Dopamine in Parkinson's Disease
In the normal adult brain there are 400,000 dopamine neurons in the SNc. The dopamine neurons in the SNc release dopamine to stimulate dopamine receptors on nerves in the motor pathway. Dopamine is made by a series of biochemical steps and is also degraded by two main enzymes, MAO and COMT. After 60 to 70 percent of these cells are lost, the motor symptoms of Parkinson's disease develop. As the dopaminergic neurons continue to die off, the motor symptoms gradually and slowly worsen over years. The medications used to treat Parkinson's disease may be dopamine (carbidopa/levodopa is a precursor to dopamine, meaning it is converted by enzymes into dopamine), look like dopamine (dopamine agonists), or act on the enzymes that metabolize dopamine (MAO and COMT inhibitors). So the key to Parkinson's treatment is to restore dopamine activity to normal levels through medica-tions, or through surgery to help restore the brain's electrical signal processing.

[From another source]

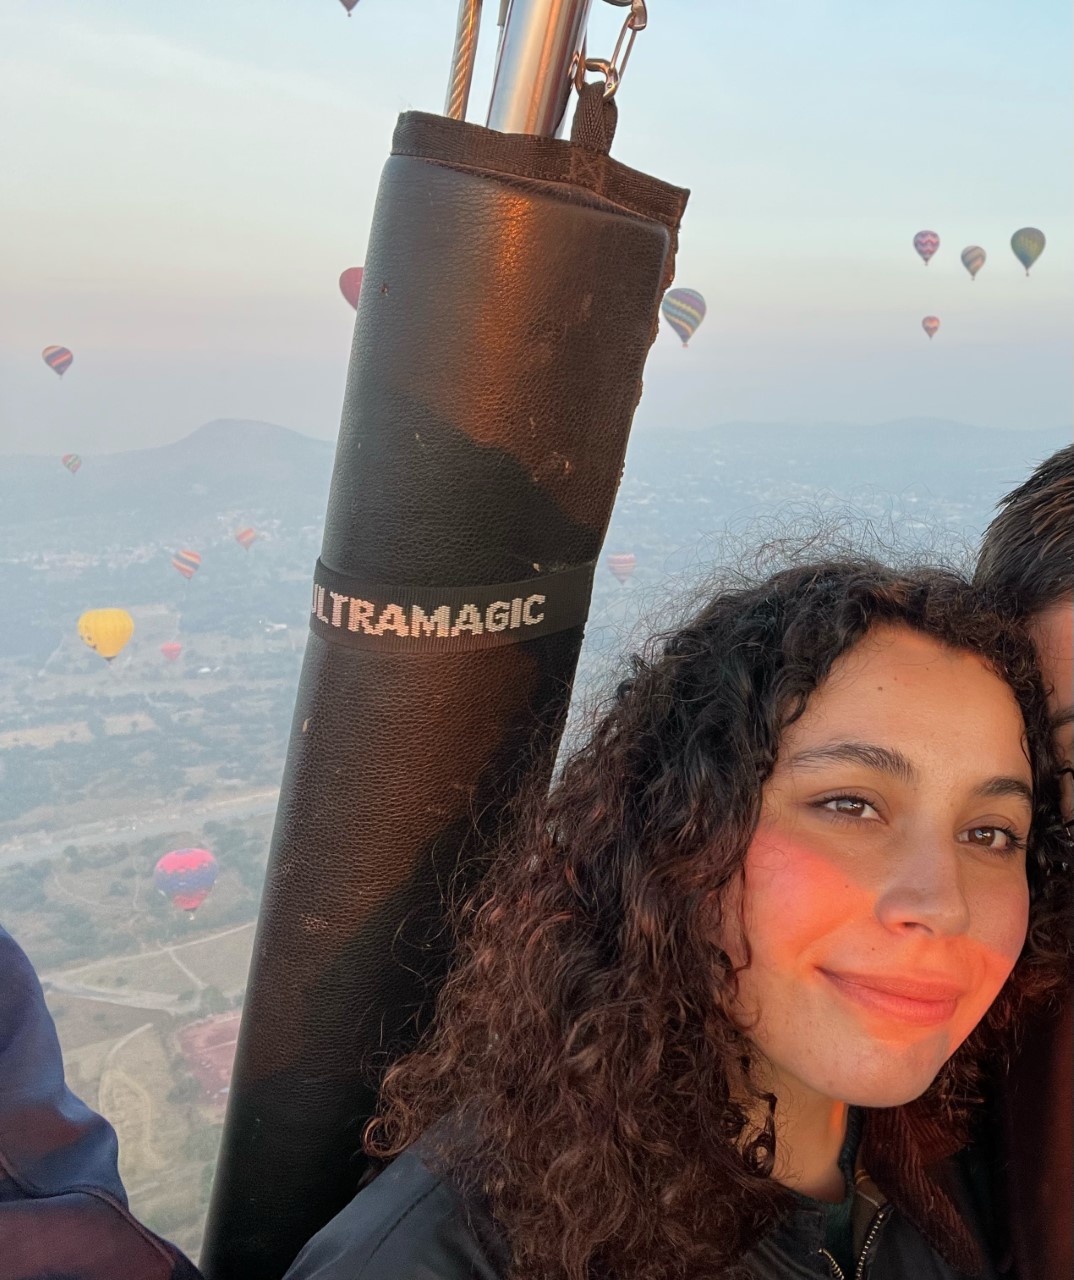 Photo of Jazmin Barajas in a hot air balloon. She has long curly dark hair and is smiling at the camera with hot air balloons in the distance.

THE PREVALENCE OF PARKINSON'S DISEASE
The incidence of a disease is defined as the number of new cases of a disorder diagnosed during a specific period, such as a year, in a defined population, such as people living in a specific geographic region or of a specific race. The prevalence of a disease is defined as the total number of persons with the disease at a fixed point in time. Prevalence is easier to measure than incidence, and both are used to report the frequency of a disease and to study and identify risk factors for that illness. In the United States, over one million people are estimated to have Parkinson's disease. The prevalence is estimated to be as high as 1 in 100 persons over 60 years of age. The median age of onset of Parkinson's disease is between 55 and 60 years, and 10 to 15 percent of patients are diagnosed before age 40, which is considered young-onset Parkinson's disease. The disease is not necessarily a disease of the elderly, but because it is a progressive illness that is more common in older people, as the population itself ages, the number of persons with Parkinson's disease is on the rise. Parkinson's disease affects both men and women, but tends to be slightly more common in men. All cultures and races appear to be affected by Parkinson's disease; however the exact incidence and prevalence among cultures varies somewhat.

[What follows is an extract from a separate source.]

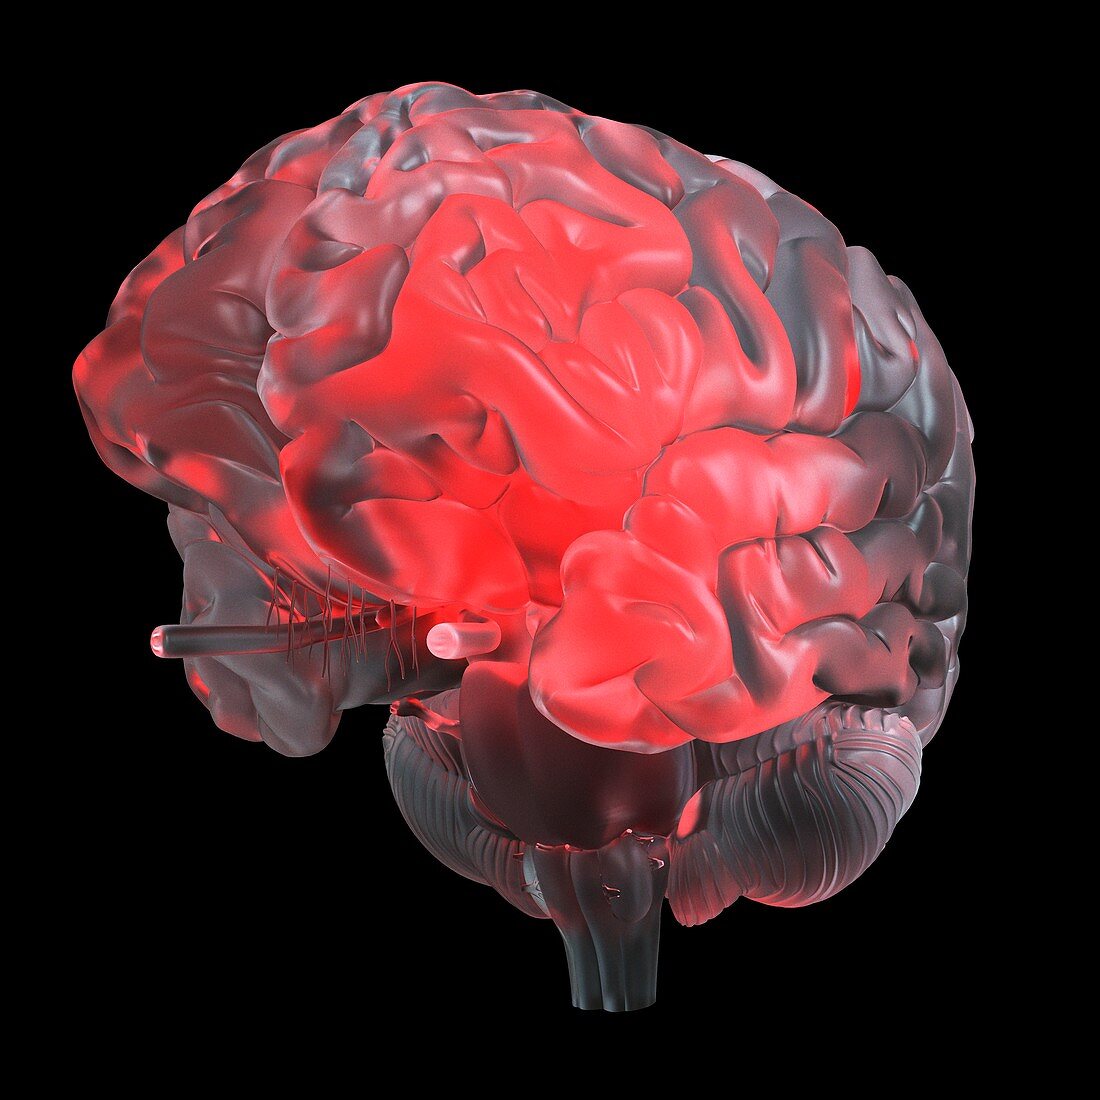 Illustration of a red glowing glass brain

THE STAGES OF PARKINSON'S DISEASE
Parkinson's disease is a slowly progressive illness. That means it tends to worsen over many years-ten to thirty-so that the person who has Parkinson's disease will over time notice more difficulty with motor function, such as increasing tremors, more difficulty with fine motor coordination, walking and balance, and possibly more muscle stiffness. Not everyone progresses at the same rate, but in general, the disease progresses slowly, meaning that a person with Parkinson's does not rapidly decline in his or her motor function.
The symptoms usually start on one side of the body (either left or right) and over the course of many years will usually begin to affect the other side. Many patients may have had minor symptoms for five to ten years before being diagnosed. While the fact that the disease is progressive is daunting, the good news is that as the motor symptoms become more pronounced, the currently available treatments-such as medications, surgical procedures, and alternative therapies-can dramatically improve these symptoms. It is imperative to understand that the proper treatment of Parkinson's disease should be a dynamic and ongoing process that will require frequent visits to a Parkinson specialist and other health care providers and will involve periodic adjustments of medications as well as other therapies, such as nutrition, exercise, physical therapy, occupational therapy, speech therapy, massage, and possibly neurosurgery.
There are five stages of Parkinson's disease that have been defined and are outlined below. These definitions are used primarily by Parkinson specialists, often for selecting and following patients that are involved in clinical studies on Parkinson's disease.
It is important to realize that most people who are being treated properly do not progress to Stage IV and very rarely do people progress to Stage V. In addition, a person with Parkinson's disease may have symptoms and a physical examination that, early in the day, before the medication has taken effect, may define his or her status as Stage III, but after the medicine starts working, the patient's status may jump down to Stage II, so the stage can vary within hours or over the course of a day. Persons with Parkinson's disease who are undertreated or improperly treated can enjoy significant improvement with proper therapy, especially with medications and surgery. Some practitioners report seeing patients go from a Stage IV or V without medication down to Stage II or III after being put on correct medicine. This means that people who could not walk without assistance and needed help with virtually everything, such as dressing, feeding, and bathing, can, within several weeks of starting proper medication, walk again and take care of themselves without help.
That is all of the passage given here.